Telle est la position adoptée par la Cour européenne des droits de l’Homme dans un arrêt de chambre rendu le 10 octobre 2019 (CEDH, 10 octobre 2019, Req. 4782/18, Lewit c/ Autriche (disponible uniquement en anglais).

Résumé des faits. Les faits de l’espèce concernaient un ressortissant autrichien, dernier survivant de l’Holocauste âgé de 96 ans, qui se plaignait d’avoir été diffamé par un périodique de droite et de ce que les juridictions internes n’aient pas protégé son droit à sa réputation. Le périodique en question avait publié un article dans lequel les personnes libérées du camp de concentration de Mauthausen étaient qualifiées de «meurtriers en masse», de «criminels» et de «fléaux». Une enquête pénale avait été ouverte visant l’auteur de l’article, classée sans suite. L’auteur de l'article avait, par la suite, réitéré ses propos. Le requérant et neuf autres survivants qui avaient tous été emprisonnés dans des camps de concentration et libérés en 1945, ont formé une action fondée sur la loi relative aux médias (Mediengesetz) contre le périodique et l’auteur des propos. Ces derniers ont été déboutés au motif que le nombre de personnes libérées du camp de Mauthausen (environ 20 000) était si important que les demandeurs ne pouvaient pas être individuellement touchés par les propos tenus dans l’article. Les demandeurs n’avaient donc, selon le tribunal, pas qualité pour agir. En cause d’appel, les demandeurs soutenaient qu’ils étaient au contraire reconnaissables, d’abord parce que seule une poignée d’anciens prisonniers de Mauthausen étaient encore en vie, et ensuite parce qu’ils étaient connus comme étant des survivants de l’Holocauste militants. Pour autant, la cour d’appel a rejeté l’appel. Le requérant a saisi la CEDH.
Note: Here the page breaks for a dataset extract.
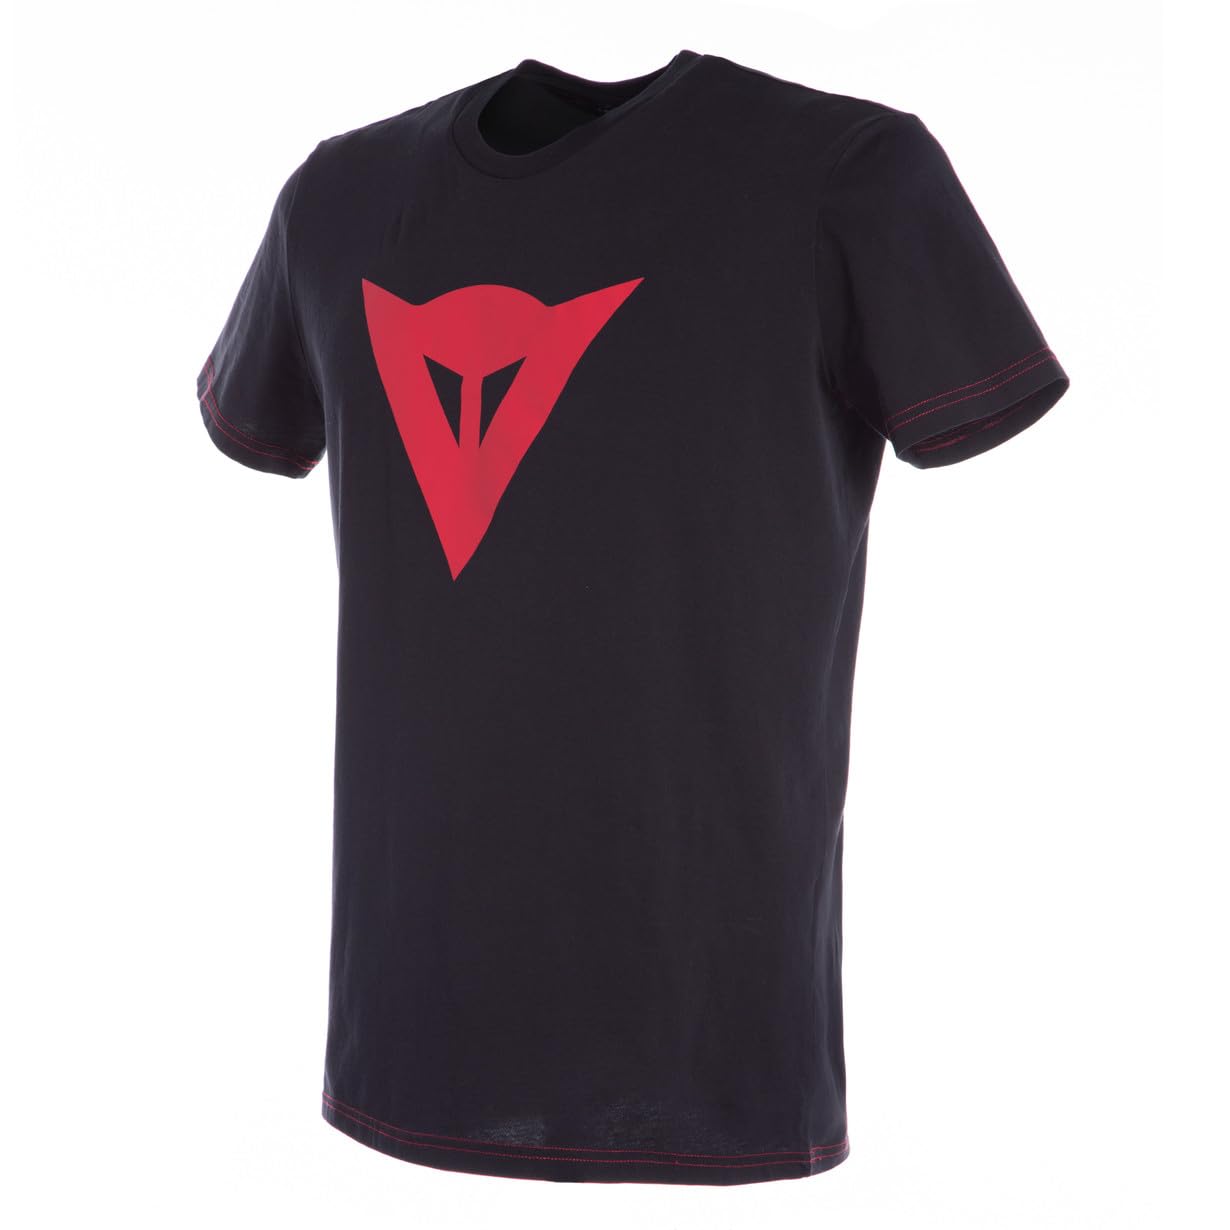 Dainese - Speed Demon T-Shirt, Herren T-Shirt mit Kurzen Ärmeln, Trikot mit Speed Demon Logo für Erwachsene, aus 100% Baumwolle, Weich und Cool, Klassischen Stil, Schwarz/Rot von Dainese

Violation de l’article 8 de la CESDH. Rappelant sa jurisprudence selon laquelle la vie privée de chaque membre d’un groupe peut être touchée par des stéréotypes négatifs ou des propos diffamatoires (CEDH, 15 mars 2012, Req. 4149/04, Aksu c/ Turquie N° Lexbase : A6792IEB), la Cour constate tout d’abord que le requérant et les autres anciens prisonniers de Mauthausen, en tant que survivants de l’Holocauste, constituent un groupe social. Elle estime donc que, si l’intéressé n’était pas désigné nommément dans l’article, pour autant, l’affaire relève de sa vie privée et l’article 8 de la Convention (N° Lexbase : L1372A9P) est applicable. La Cour rappelle que l’article 8 impose de ménager un juste équilibre entre des intérêts en conflit : ceux de l’individu et ceux de la société en général. Or, les juridictions internes ne se sont même pas livrées à un tel exercice dans le procès. Globalement, le requérant a été lésé dans son droit à la protection de sa vie privée parce que les tribunaux n’avaient pas statué adéquatement sur son action en diffamation.